Por: Edier Mendoza Vanegas
26 de abril de 2025
En tiempos de confusión ética, relativismo moral e inestabilidad institucional, urge regresar a las ideas conservadoras. No al conservatismo partidista como simple maquinaria electoral, sino a su raíz filosófica y moral: una visión del mundo anclada en la dignidad de la vida, la centralidad de la familia y el valor de la libertad responsable.
Esta propuesta no pretende imponer un credo, sino recordar que los principios cristianos —el respeto por la vida desde la concepción, la defensa del matrimonio natural, el pudor, el trabajo honesto y la fe— fueron por décadas el fundamento silencioso de la cohesión social. Hoy, muchos de esos pilares están bajo ataque, y el resultado es una sociedad fragmentada, hipersexualizada y cada vez más hostil a la virtud.
Volver a las ideas conservadoras es, en esencia, reivindicar los postulados de Álvaro Gómez Hurtado: un conservadurismo de corte libertario que reconoce la autonomía del individuo, pero siempre en armonía con una ética superior.

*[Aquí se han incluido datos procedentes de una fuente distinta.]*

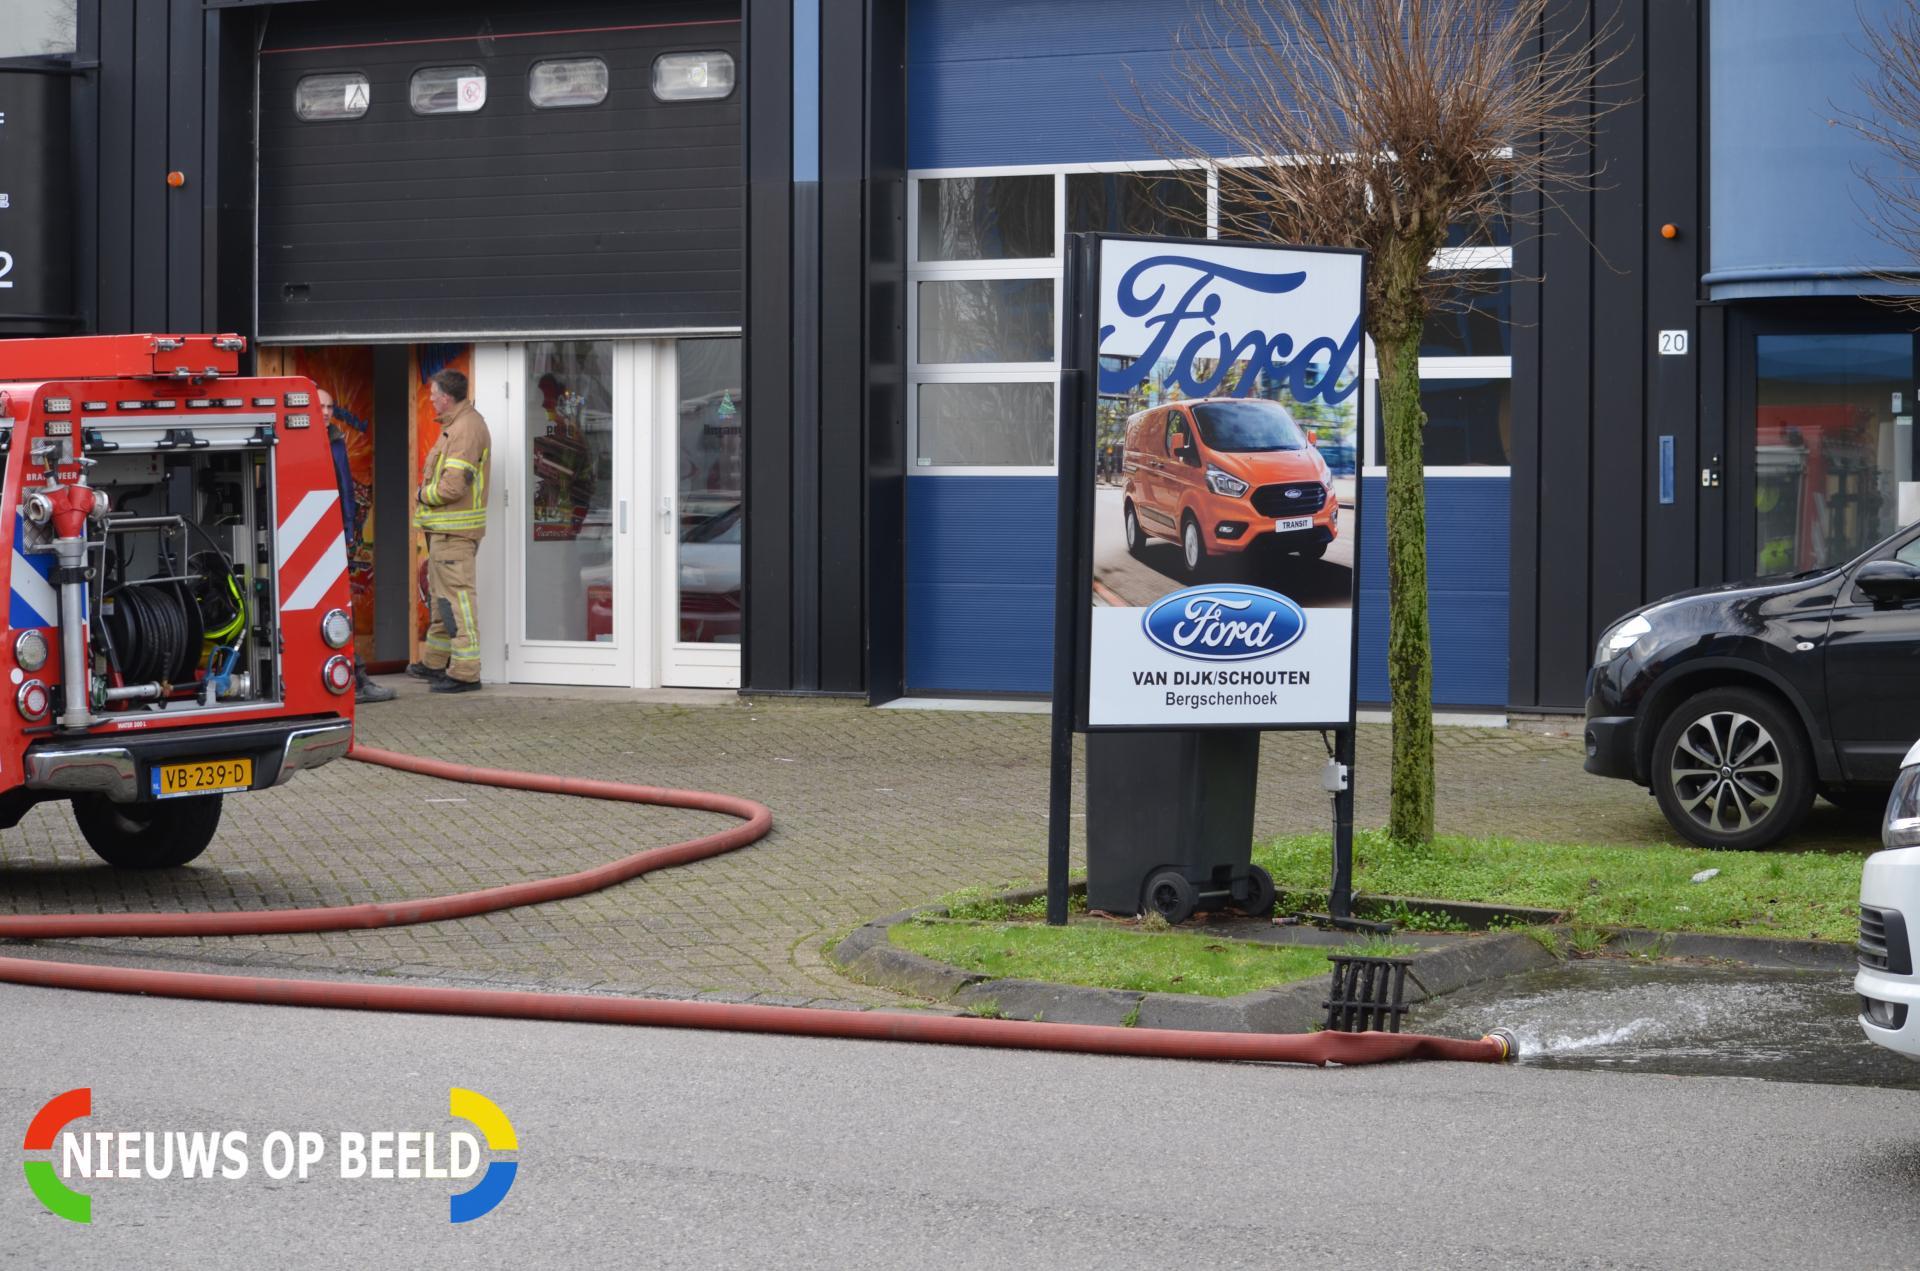 Wateroverlast bij vuurwerkwinkel Weg en Land Bergschenhoek

También es reconocer el legado de Edmund Burke, quien defendió una sociedad ordenada, prudente, respetuosa de sus instituciones y consciente de los límites del poder humano. Es también recuperar una estética de pudor y dignidad, donde el vestir de una mujer reflejaba decoro sin llegar al extremo de parecer una monja. Que puedan verse bonitas, arregladas, pero sin necesidad de mostrar su cuerpo.
Vivimos una época donde todo ha sido sexualizado. El derecho a la vida, desde la concepción, no debería admitir excusas. Ese discurso de las "tres causales" del aborto es inaceptable:
Una violación.
El peligro de muerte para la madre.
Que el bebé nazca con malformaciones o defectos.
Abren la puerta a una deshumanización preocupante. El valor de la vida no puede depender de circunstancias. Acabar con una vida por nacer por considerarla “imperfecta” es una postura que recuerda los peores momentos del totalitarismo del siglo XX. Lo mismo ocurre con la eutanasia: es necesario apelar a la esperanza, la ciencia y la fe, no a la eliminación del sufriente.
También es hora de mirar hacia el campo. El país necesita una política agraria basada en la protección de la propiedad privada, la promoción de la agroindustria y la seguridad rural. No es viable hablar de seguridad alimentaria sin combatir frontalmente la violencia de grupos armados que hoy amenazan nuevamente al campesinado. Sin orden, no hay desarrollo.
En el plano internacional, el Tratado de Escazú y otros instrumentos globalistas deben irse a la basura. No se puede permitir que agendas externas —como la ideología de género promovida por la ONU— interfieran en nuestra educación. Es hora de reivindicar valores como la virginidad antes del matrimonio, la decencia en el vestir y el respeto por la diferencia, sin caer en discursos impuestos.
El conservadurismo no debe temer a la economía abierta. Necesitamos promover la libre competencia, facilitar la inversión extranjera, y explotar nuestros recursos naturales —petróleo, minería, fracking— de manera responsable, pero sin dogmas ambientales que impidan el progreso nacional.
Regresar a las ideas conservadoras no es retroceder: es reencontrarse con un camino de orden, libertad y trascendencia que ofrece una respuesta firme ante el relativismo y la crisis civilizatoria de nuestro tiempo.